Archive for April 8, 2010
My colleagues and I in the School of Interactive Computing at Georgia Tech have been having an ongoing conversation about the role of blogging in academia. Fellow faculty Andrea Thomaz, Ashwin Ram, Beki Grinter and Amy Bruckman blog, and there are probably more than I’m not aware of. Some of these conversations spiked when my Blog@CACM post “went viral,” receiving over 52,000 page views in a two week period. That feels like it’s a good thing, that people are reading our academic output. Yet it’s not the kind of activity that academia typically rewards. I’m a full Professor (for which I do feel grateful!), so I don’t have to worry about tenure and promotion. I still struggle with what role blogging should have in my academic life. Sarita Yardi sent me a link to this really terrific piece in the Berkeley Alumni magazine on just this point:
As far as DeLong is concerned, he’s just telling it like it is; somebody has to and it probably won’t be the mainstream media. “There’s a feeling that someone should try to point out things that are simply not true,” he says. “Tenured professors are in a pretty good place to do that.”
For Holbo, blogging was a way to open a conversation beyond the ivory tower about his esoteric interests. “Academic blogging is not very pure academics,” he says. “Half the commentators on my blogs are not academics. It feels very healthy that way. Almost everyone who does it seriously does it without mixed motives.”..Yet even though the blogs reach a huge and influential audience compared to that of scholarly journals, the blogs are not recognized as scholarly publication and don’t count toward tenure.
Based on this piece, I have two arguments for blogging now:
- Blogging is a new form of non-amateur journalism. My colleague Irfan Essa has been talking about computational journalism and the rise of the amateur journalist for some time now. Amy has recently blogged about the continued importance of expertise. Faculty are experts, and blogging is a way of connecting that expertise to a broader community. My role as an academic blogger is to use my expertise (here, in computing education research) to connect to and interpret events, new results, new publications — like a journalist, but with an even more protected job, and frankly, biased from my perspective and lens. Don’t like this lens? I hope that many other computing education blogs grow (like Leigh Ann’s and Alfred’s, though we three probably agree too much) with other perspectives.

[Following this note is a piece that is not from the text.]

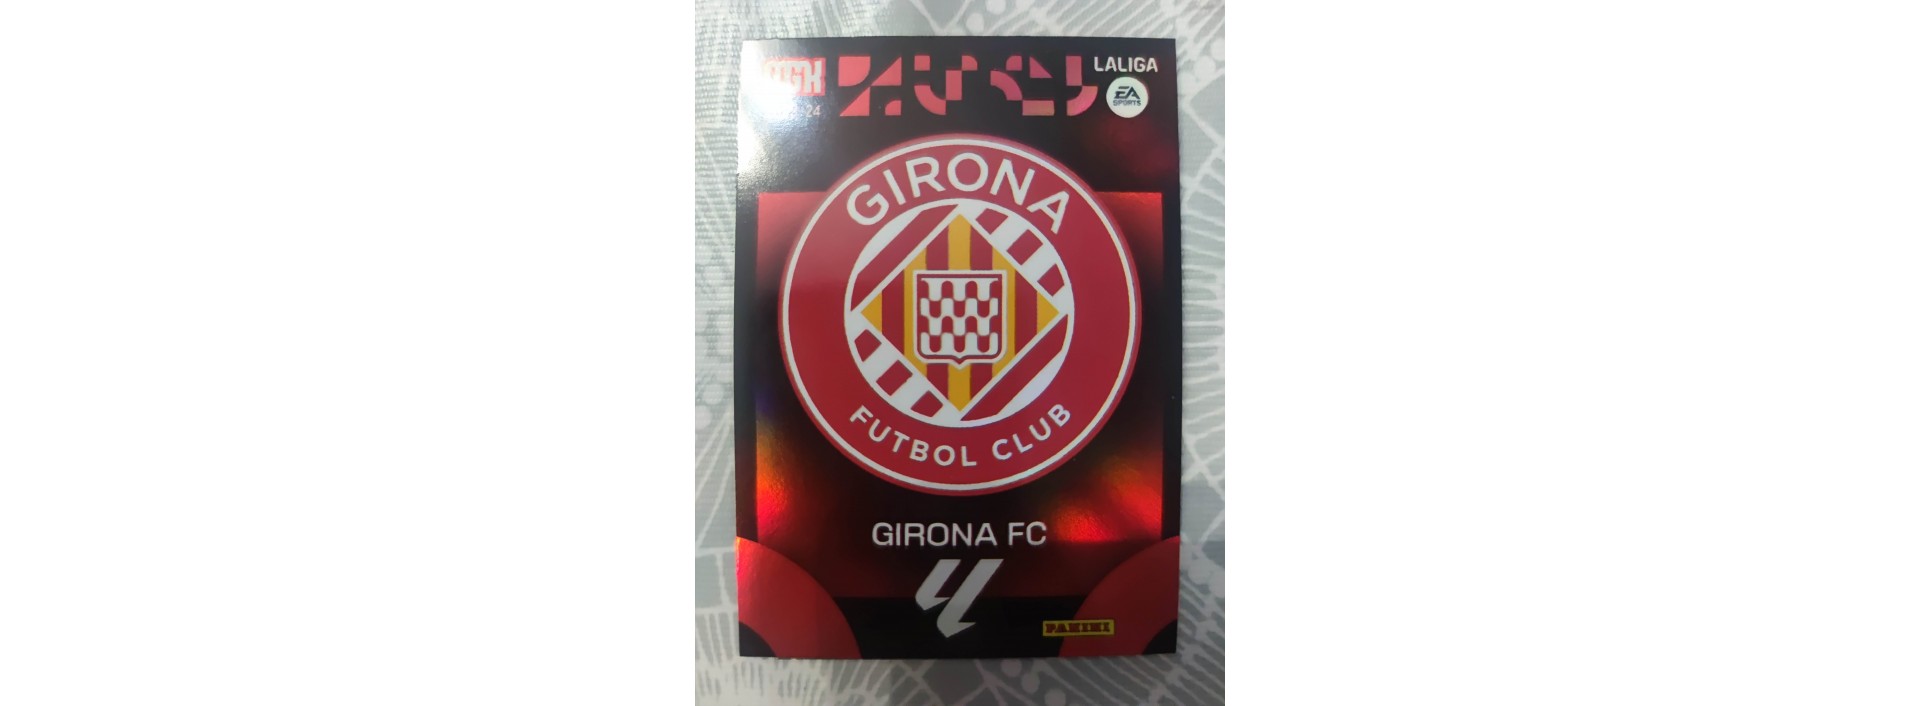 GIRONA FC

- Blogs can provide the narrative knowledge that connects research to practice. I just rewrote my reports on Carl Wieman’s and Sally Fincher’s SIGCSE 2010 keynotes for Blog@CACM. What I saw Carl doing in his keynote was connecting science education research to computing education research. What I saw Sally doing was to show how to bring abstract research into concrete practice. Providing that kind of connection is exactly what American universities were created to do originally, to connect research to practice and to provide service to a broad society. Academic blogging is a way for faculty to perform the job as it was originally intended.
Maybe these aren’t “arguments,” as much as “rationalizations.” I like to blog! I just also like to think that it’s useful. I see blogging as part of what academics ought to be doing. It is a mixture of service to the community, teaching through our publications, and connecting to research.